Vier Kapitel umfasst die „Smart Grids-Roadmap Baden-Württemberg 2.0“. Sie ist das Resultat eines 13-monatigen Stakeholder-Dialogprozesses mit mehr als 140 teilnehmenden Personen und Institutionen, die sich in sechs Workshops über die einzelnen Handlungsfelder ausgetauscht haben. Am Ende des 52-seitigen Papiers werden sie alle namentlich genannt.
Die Roadmap zeigt auf, wo Herausforderungen für die Umsetzung von intelligenten Netzen liegen, formuliert Ziele und ordnet ihnen bestimmte Maßnahmen zu. Sie soll sich zwar in die weiteren Energiewende-Aktivitäten des Landes Baden-Württemberg einfügen, gleichzeitig verstehen die Verfasser sie aber auch als „Handreichung“ für die Landesregierung, um sich in die bundespolitische Debatte um den Umbau des Energiesystems einzubringen.

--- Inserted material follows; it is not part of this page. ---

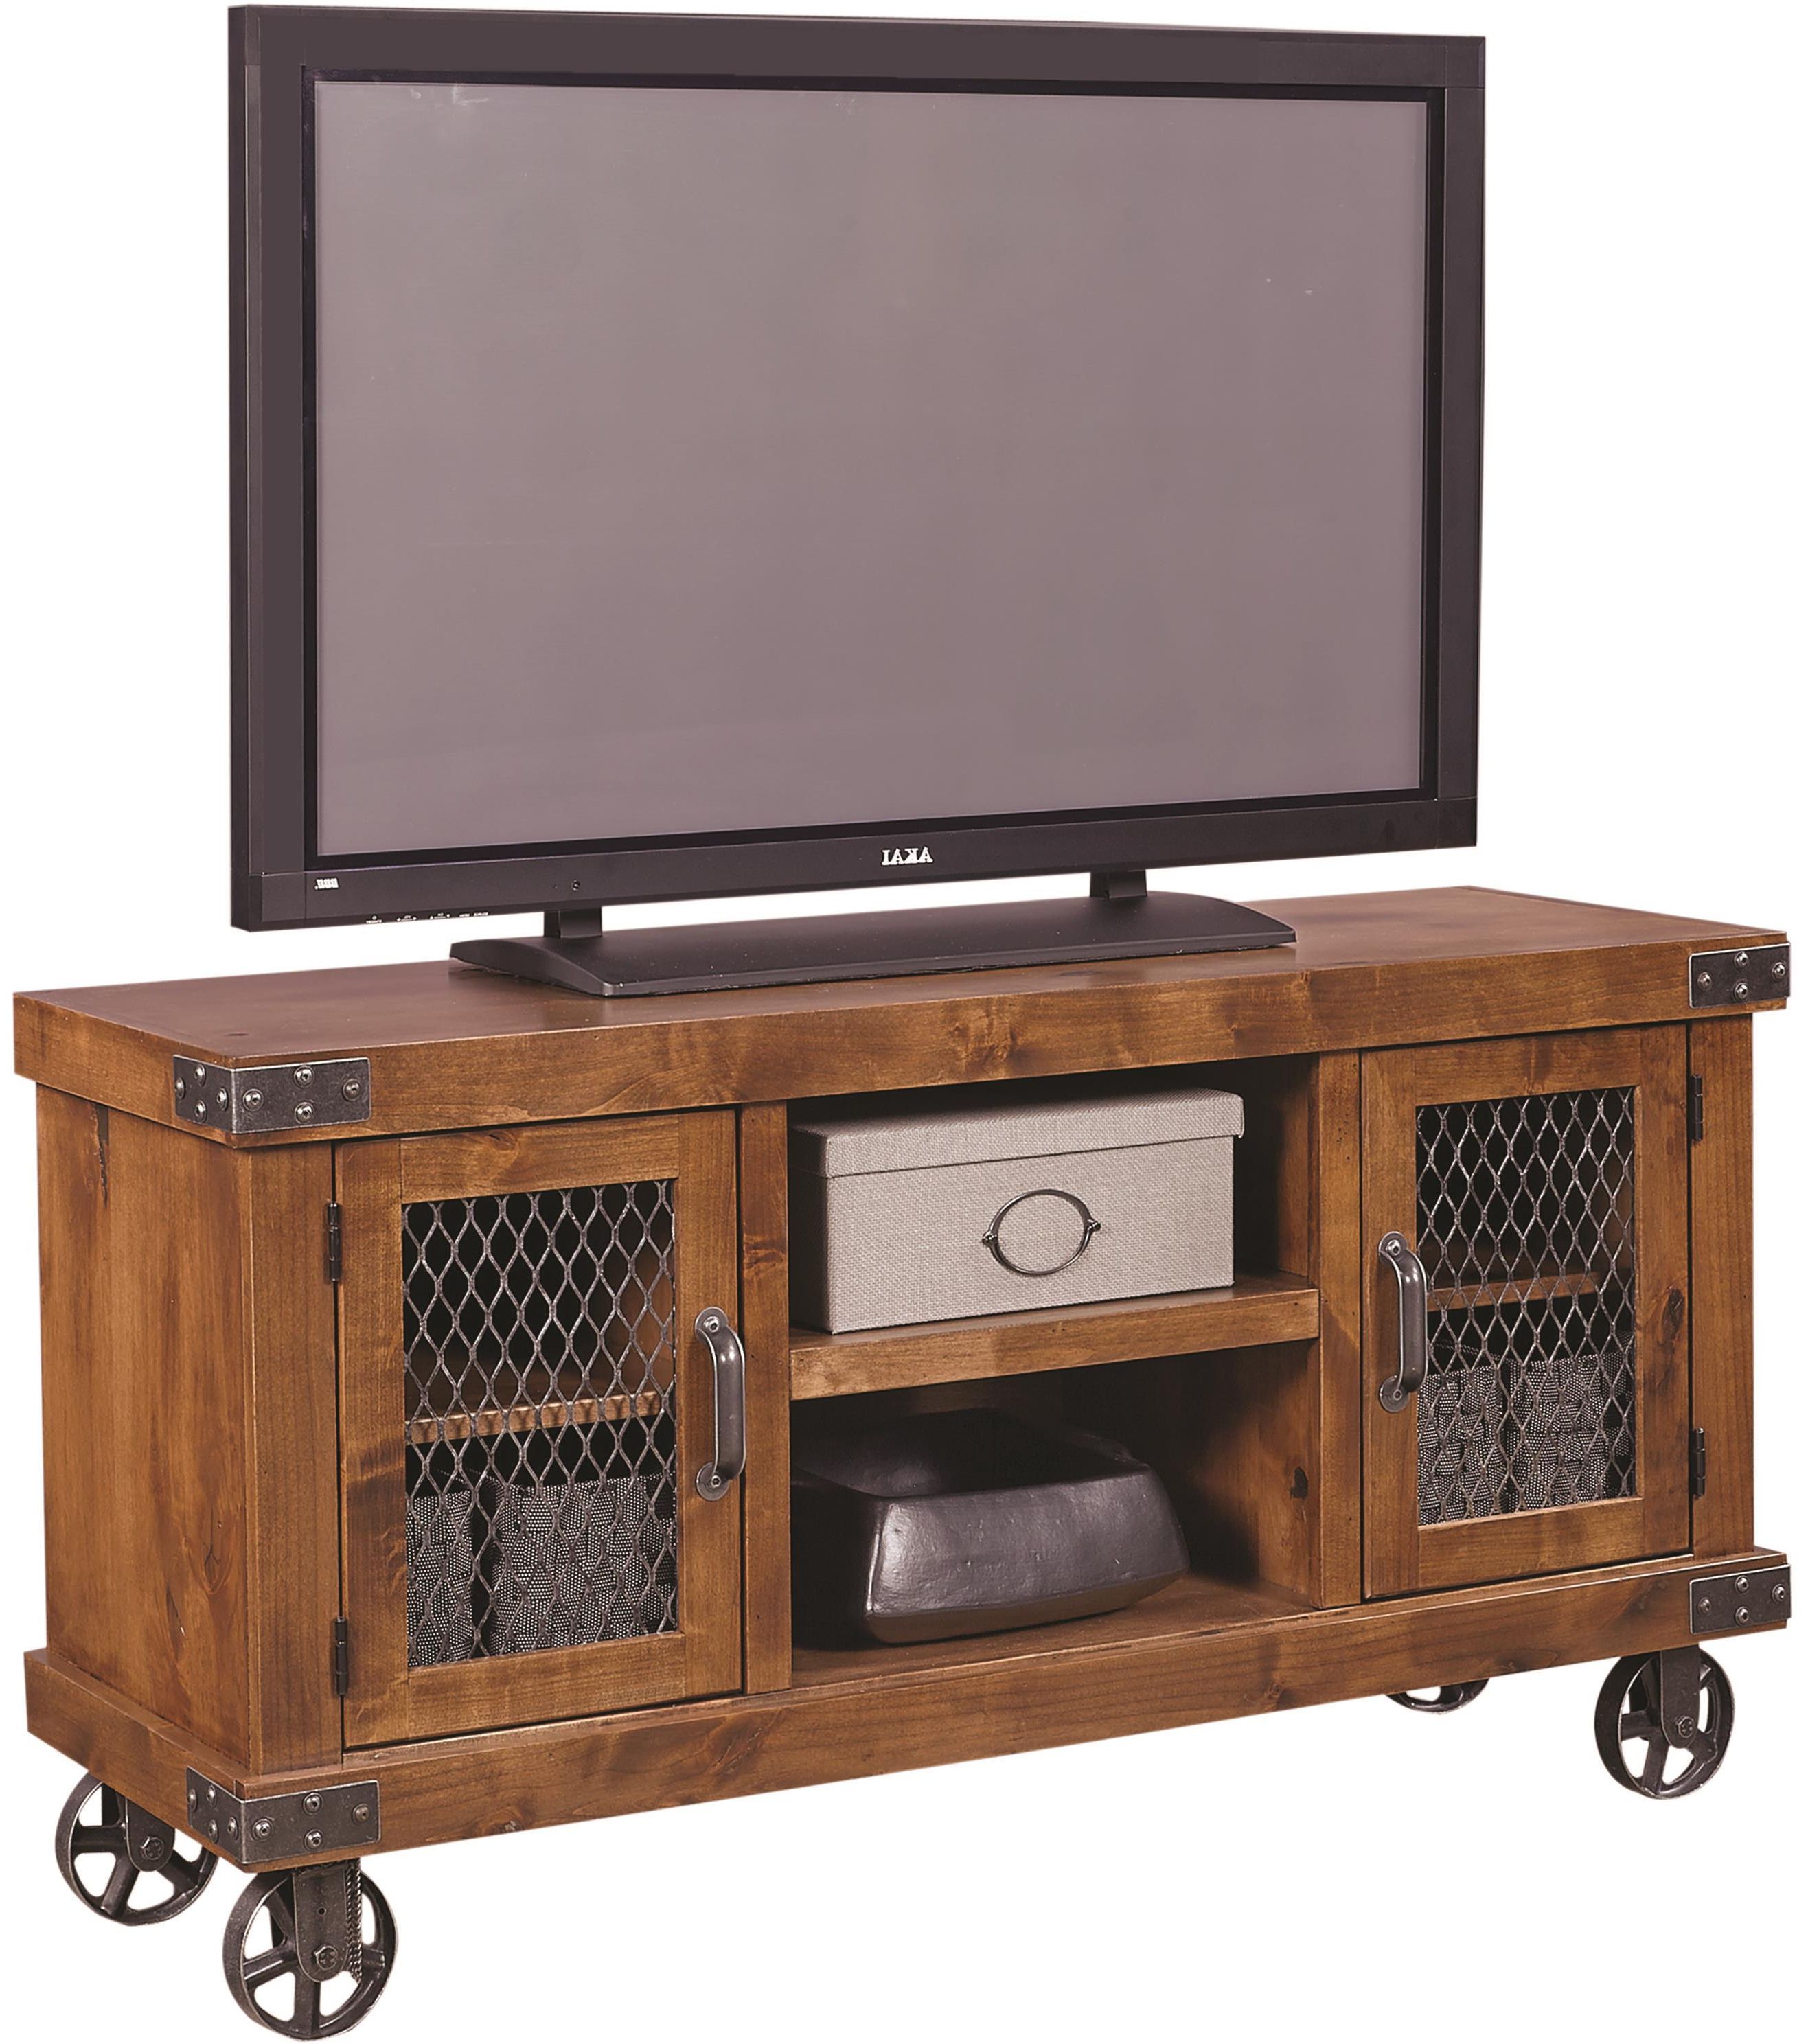 Rustic Corner Tv Stand Canada With Barn Doors Plus White Together Uk For Famous Rustic Corner Tv Cabinets (View 11 of 20)

Einen relativ breiten Raum nehmen die beiden Handlungsfelder „Netz und Markt verbünden“ sowie „Sektorkopplung konsequent denken“ ein. Die verschiedenen Aspekte der Flexibilisierung von Erzeugung und Verbrauch im Stromsystem ziehen sich als roter Faden durch die Kapitel. Dabei wird deutlich, dass die Transparenz im Verteilnetz eines der entscheidenden, wenn nicht sogar das entscheidende Ziel ist. Die bisher auf eine angenommene Maximallast ausgelegten Netze müssen ihren Blackbox-Charakter verlieren.
Dass auf dem Weg zu einem intelligenten Netz auch verschiedene Herausforderungen lauern und durchaus Hindernisse aus dem Weg zu räumen sind, machen die Verfasser von Smart Grids BW gleich am Anfang deutlich, und nicht, wie in vielen Studien üblich, erst im Schlusskapitel. Sie thematisieren unter anderem den Fachkräftemangel, den Mangel an Bauteilen für IT-Komponenten, die regulatorischen Hürden und die begrenzte Verfügbarkeit finanzieller Mittel. Doch ganz an die Spitze der limitierenden Faktoren stellen sie die nach ihrer Überzeugung kritischste aller Ressourcen: die Zeit.